Plant-Food-Research-Open / assemblyqc

A Nextflow pipeline for evaluating assembly quality
https://plant-food-research-open.github.io/assemblyqc/
MIT License
26 stars 2 forks source link

Create a line plot for synteny #74

Closed GallVp closed 3 months ago

GallVp commented 1 year ago

From Ignacio Carvajal

It is apparently possible to run Dgenies locally on linux. I have not played around with it too much because the nice thing about it is the interactivity of the results. I'll experiment running this on powerplant at some point and opening the results on powerplant from a browser. It would be nice to skip downloading on the local machine step which can be a pain, especially for larger geneomes. There are other dotplot visualization packages out there if you run into trouble with dgenies.

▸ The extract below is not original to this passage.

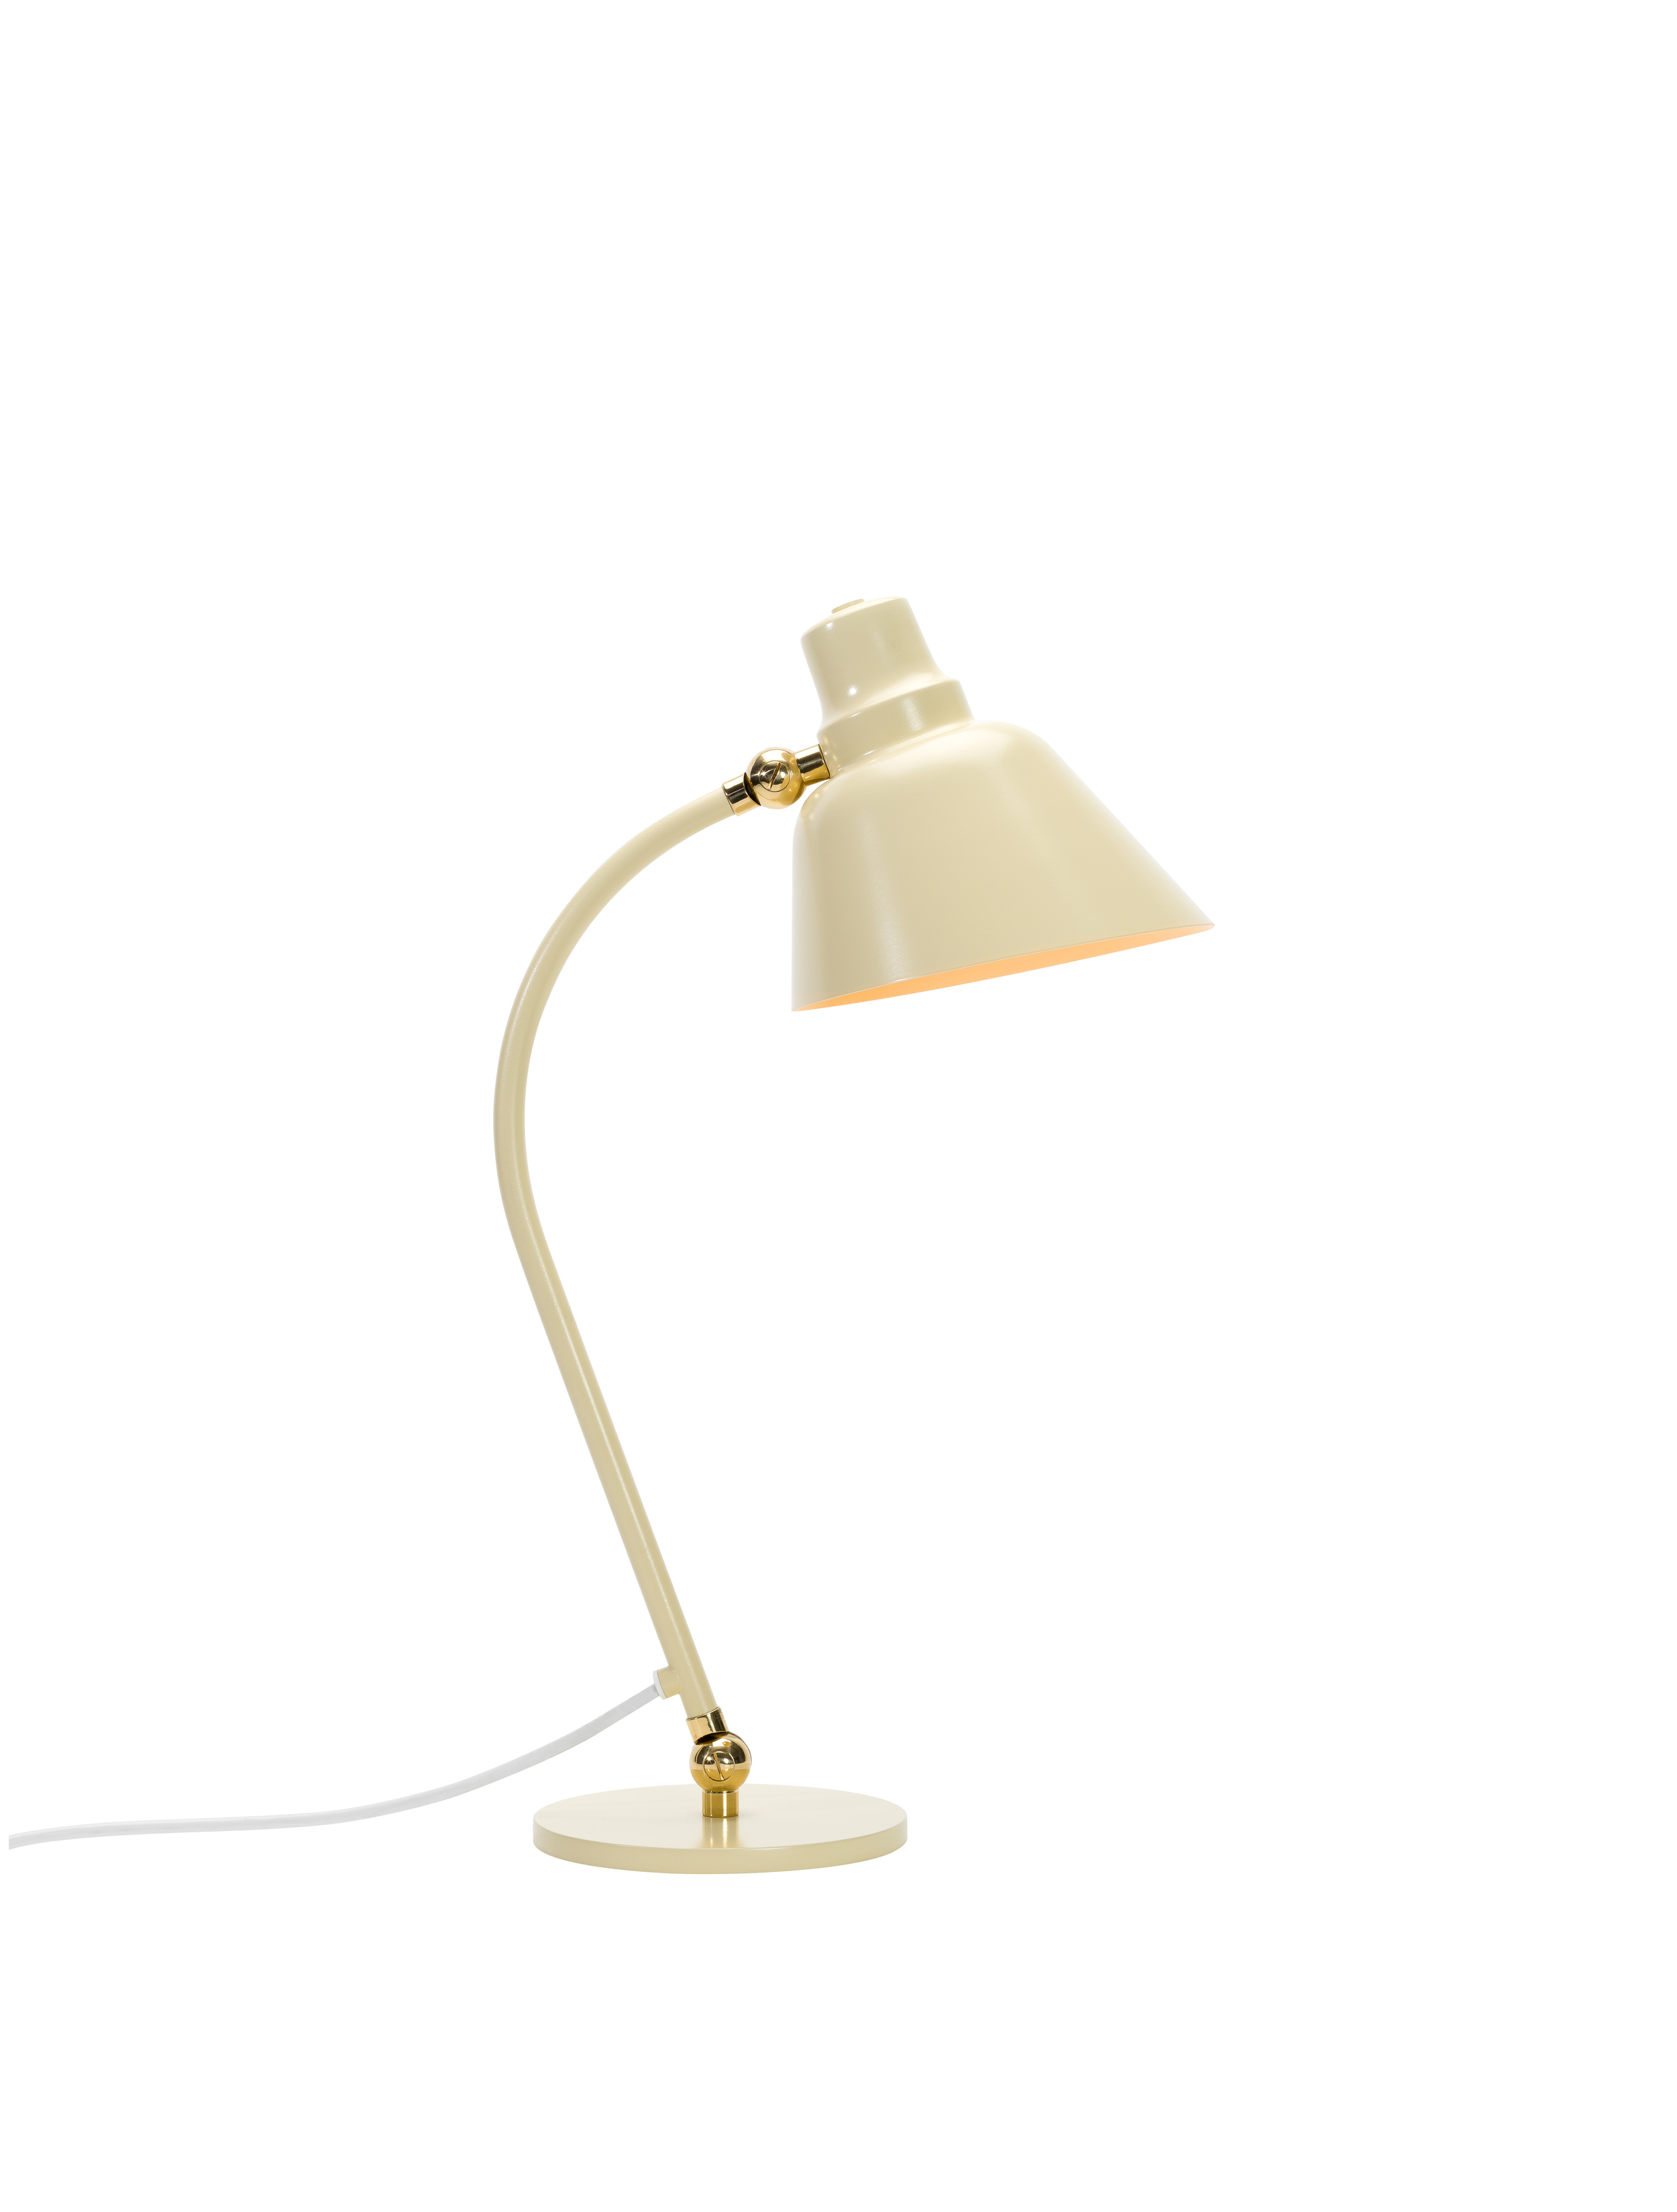 GA5 Table Lamp by Erik Gunnar Asplund for Blond Belysning

I think this is what you mean by filtering of the matches based on identity or length. See here for an example: https://dgenies.toulouse.inra.fr/result/chimp_vs_human

Generating the PAF file that is requried as an input is as easy as: 'minimap2 -t 10 -cx asm10 ${ANITRA_ASSEMBLY} ${WA_ASSEMBLYA}> AN_WA23_asm10.paf'

This is comparing two raspberry assemblies using 10 threads. It takes 150 sec to run. The other inputs for Dgeneies are the two assemblies (${ANITRA_ASSEMBLY} and ${WA_ASSEMBLYA} in this case).

One important thing that I have not tested is the minimap2 parameters. I've been using asm10, which they say is for "intra-species asm-to-asm alignments where the expected divergence is 1%". You can also specify asm5 and asm20 which correspond to .5% and 2% respectively. 1% seems to work well in my cases but it may not be a one size fits all.

Please keep me in the loop for your ideas and if you need help/testing. Keen to contribute.